• _Your assignment_: From the first line of the listing to the last, set down everything exactly, but skip the images.

• _Material provided_:

★ ★ ★ ★ ★ ★ ★

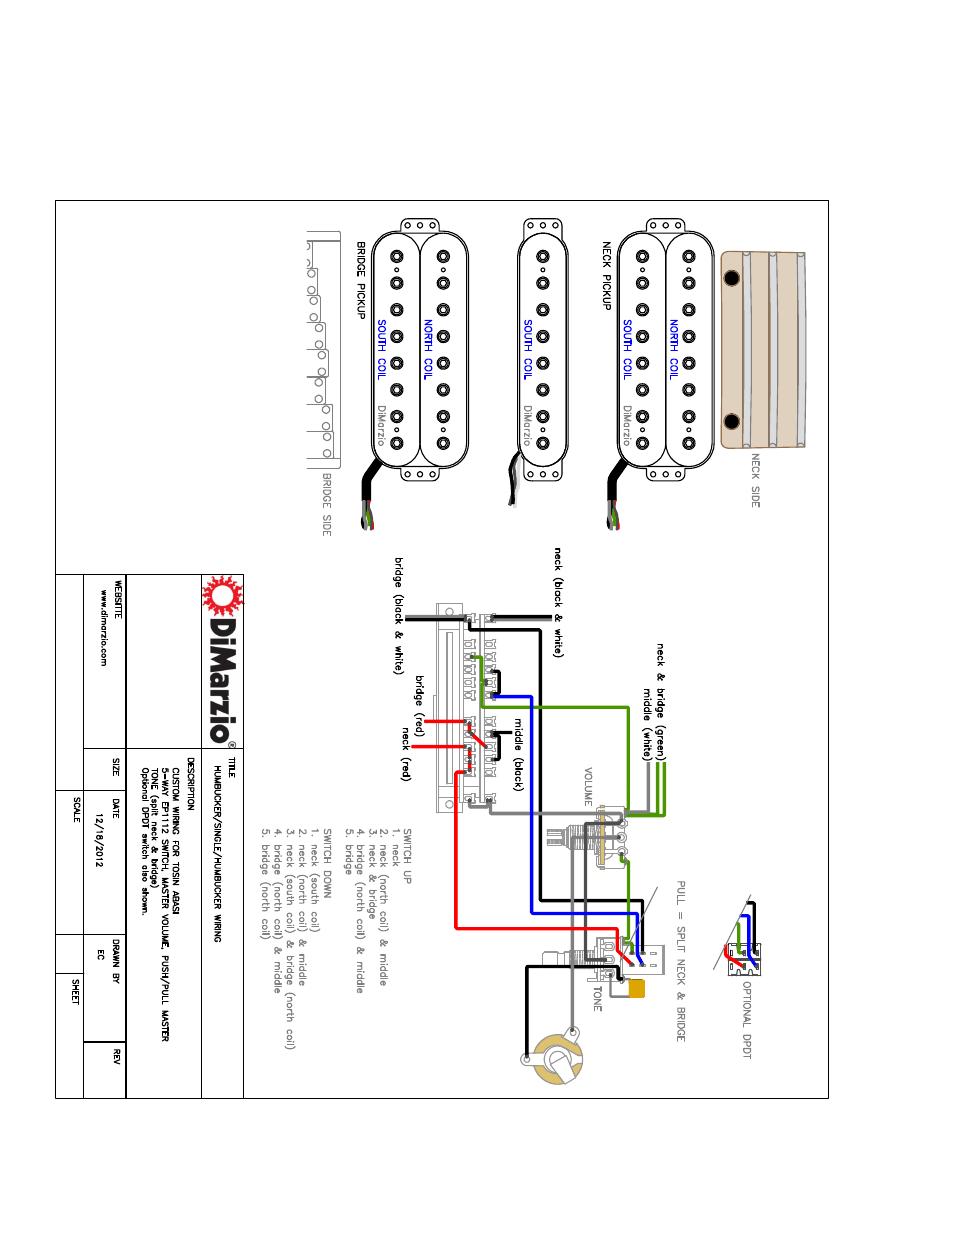 hight resolution of dimarzio 5 way switch wiring diagram 36 wiring diagram rotary lamp switch wiring diagram rotary switch wiring diagram forward and reverse
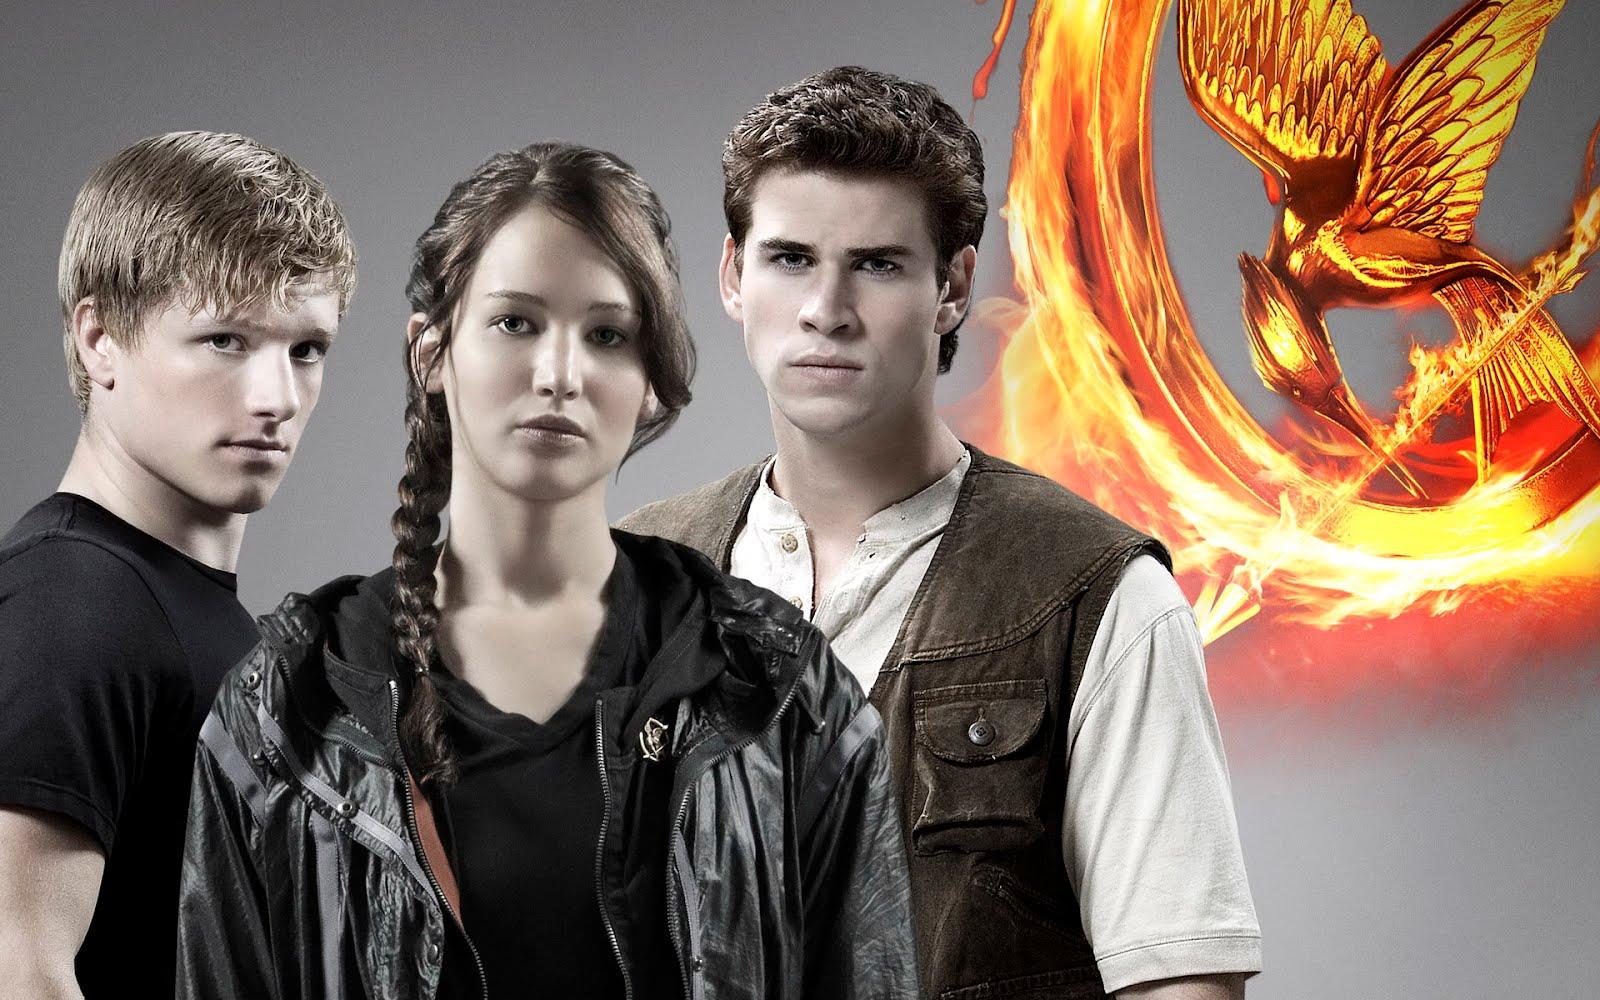 Swell Hairstyles Beauties The Hunger Games Hairstyles Short Hairstyles Gunalazisus
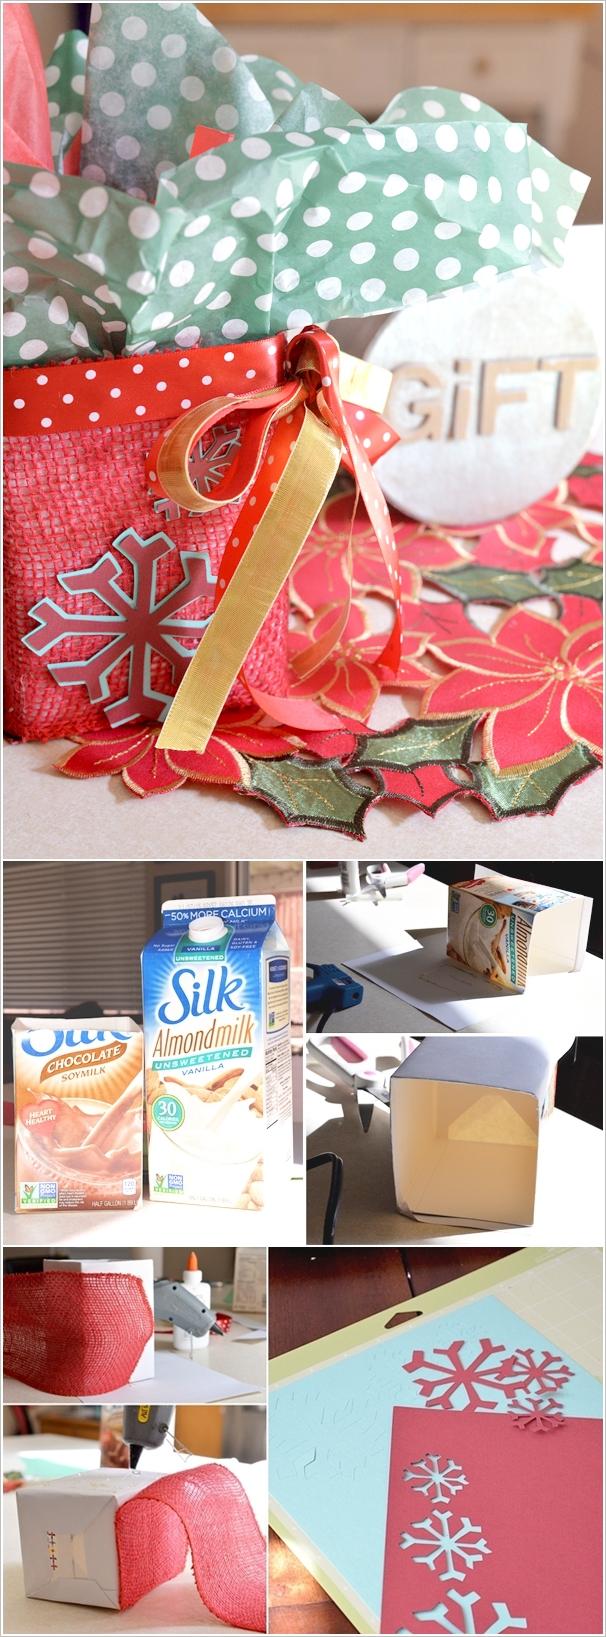 diy ιδέες με χάρτινα κουτιά γάλακτος3

★ ★ ★ ★ ★ ★ ★

• _Output for this task_:
 hight resolution of dimarzio 5 way switch wiring diagram 36 wiring diagram rotary lamp switch wiring diagram rotary switch wiring diagram forward and reverse
 Swell Hairstyles Beauties The Hunger Games Hairstyles Short Hairstyles Gunalazisus
 diy ιδέες με χάρτινα κουτιά γάλακτος3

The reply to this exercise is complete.